В нарядной толпе, прущей, как на первомайскую демонстрацию, выделялись элегантно раздетые девчонки. Другого определения подобрать к их виду было невозможно.
Корсаков провожал каждую оценивающим взглядом. На его вкус, многим девочкам не мешало бы откачать пару кило жирка с талии и бедер. Но попадались совершенно сногшибательные экземпляры. Им нагота шла, как африканским народам. Была естественным и единственным украшением грациозных тел.
«В мои годы за такой прикид до комсомольского собрания не довели бы. Разорвали бы на месте, на фиг. За пропаганду культа секса и насилия, — подумал Игорь. — Правильно, правильно, девочки! Мой вам респект и поцелуи! Кто хоть раз прошелся вот так и такой, того уже в комсомольскую казарму не загонишь».
Вдруг до щекотки в кончиках пальцев захотелось рисовать.
Он закрепил на доске чистый лист ватмана. Задумался, прислушиваясь к себе. Провел первую линию.
И после этого вокруг словно выключили свет и звук. Остался только карандаш и белый прямоугольник ватмана…
Корсаков откинулся на хлипкую спинку раскладного стула. Постепенно нахлынул шум улицы, слился в рокот, похожий на дальний прибой, лишь изредка выделяя из себя отдельные фрагменты: голоса прохожих, всплески смеха, обрывки мелодий.

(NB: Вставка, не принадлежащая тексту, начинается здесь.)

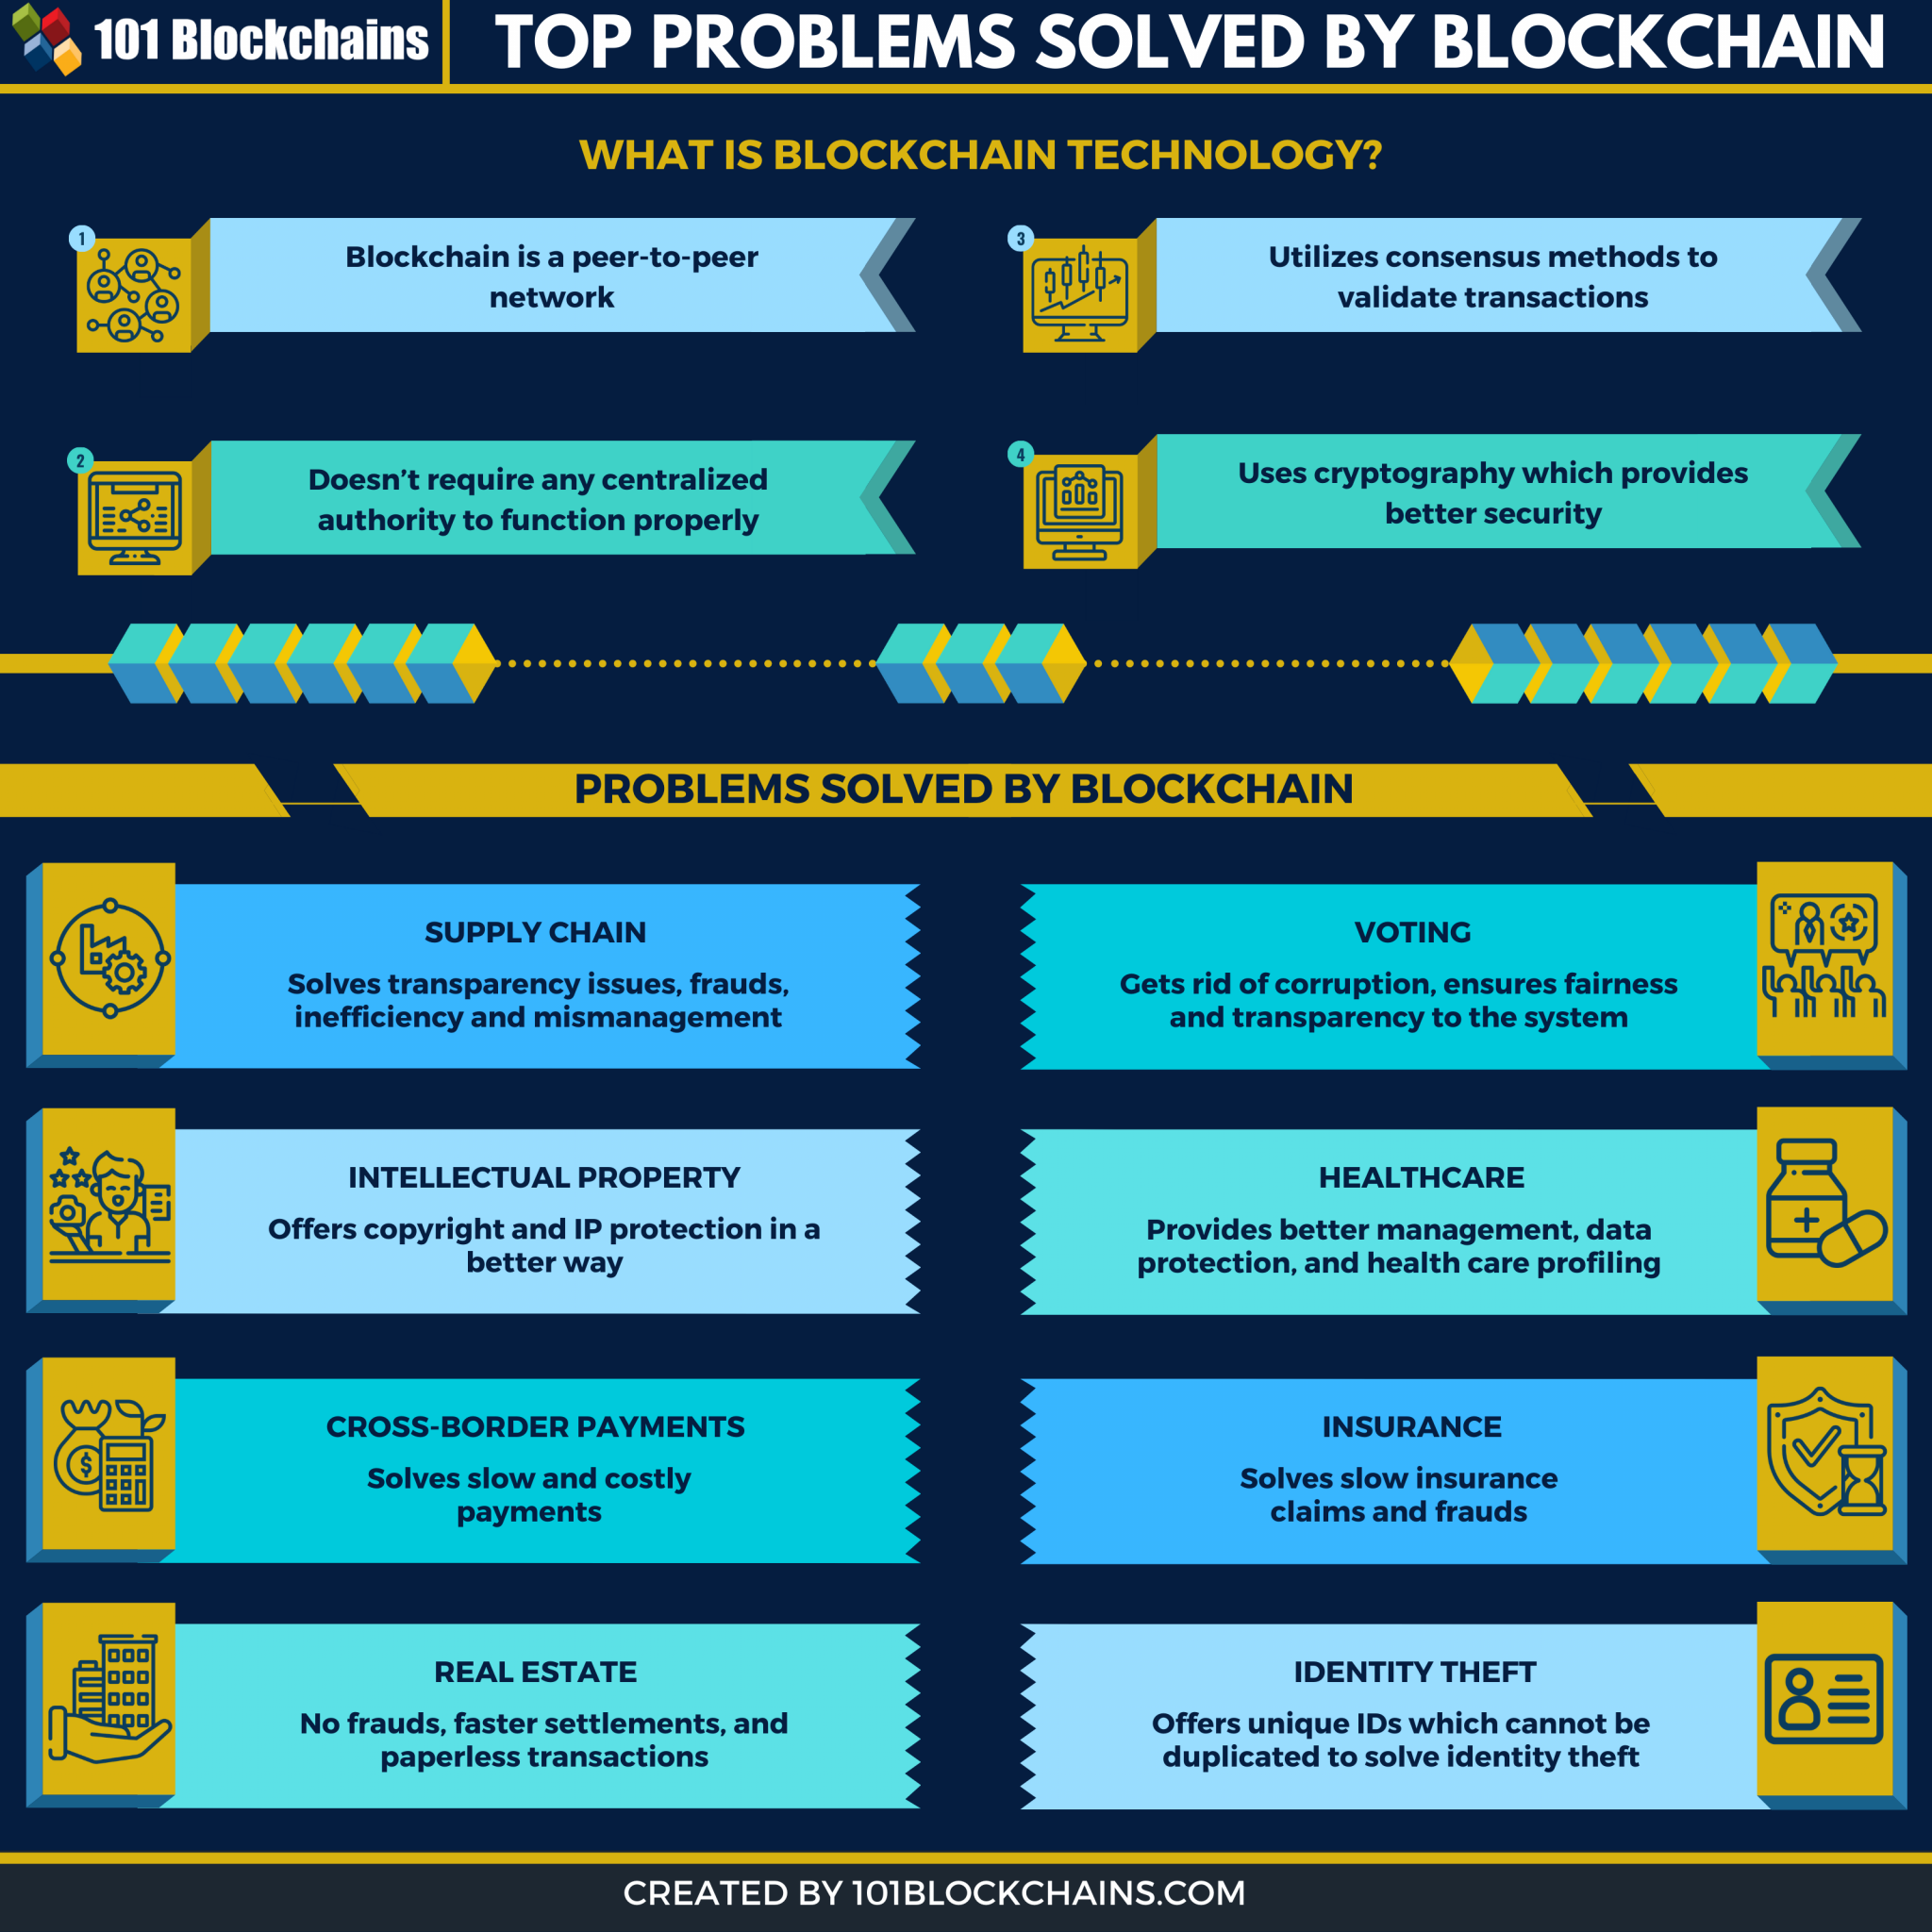 what problems can blockchain solve

Над арбатской полифонией плыл перезвон колокольчиков, перестук барабанов и заунывное:
Судя по звукам, кришнаиты удалялись по Старому Арбату по направлению к Смоленке.
Звон тарелок, бряцанье колокольчиков и мерный топоток барабанов навязчиво лез в голову, словно хотел что-то напомнить Корсакову.
* * *
Кто, звеня кандалами, метался в бреду, кто храпел, кто иступлено бубнил молитвы, кто тянул, как стонал, заунывную мелодию. Воздух был сперт и вязок.
Тюремный возок сильно раскачивало. В единственном зарешеченном оконце подрагивало серая клочковатая овчина неба.
Если слушать только скрип полозьев, да мерный стук копыт, то можно легко забыться, и убаюканное качкой и отравленное смрадом сознание соскользнет в глухой, тяжкий сон, где нет ни воспоминаний, ни мечтаний, ни сожалений. Нет ничего. Как в могиле.
Корсаков, как не заставлял себя, уснуть не мог. Сердце билось в томлении. Словно, что-то должно было произойти. Словно, ждала его нечаянная радость.
Умом убеждал себя, что ничего подобного быть отныне не может. А сердце не верило. Трепетало птахой, которую вот-вот по весне выпустят из клетки.
Вдруг где-то поблизости забрехали собаки.
Повозка свернула и остановилась.
Корсаков поднялся на коленях, припал к окну, стараясь разглядеть, куда свернули. Если постоялый двор, то радость конвою. Отогреются чайком, перекусят горячим, подремлют у печки. Выпьют по стопке на дорожку. И снова — в путь. Если пересылка, то отдохнуть выпало и этапникам. Единственная радость у этапника — ночь проспать на нарах, а не на полу возка, качаясь, как на качелях.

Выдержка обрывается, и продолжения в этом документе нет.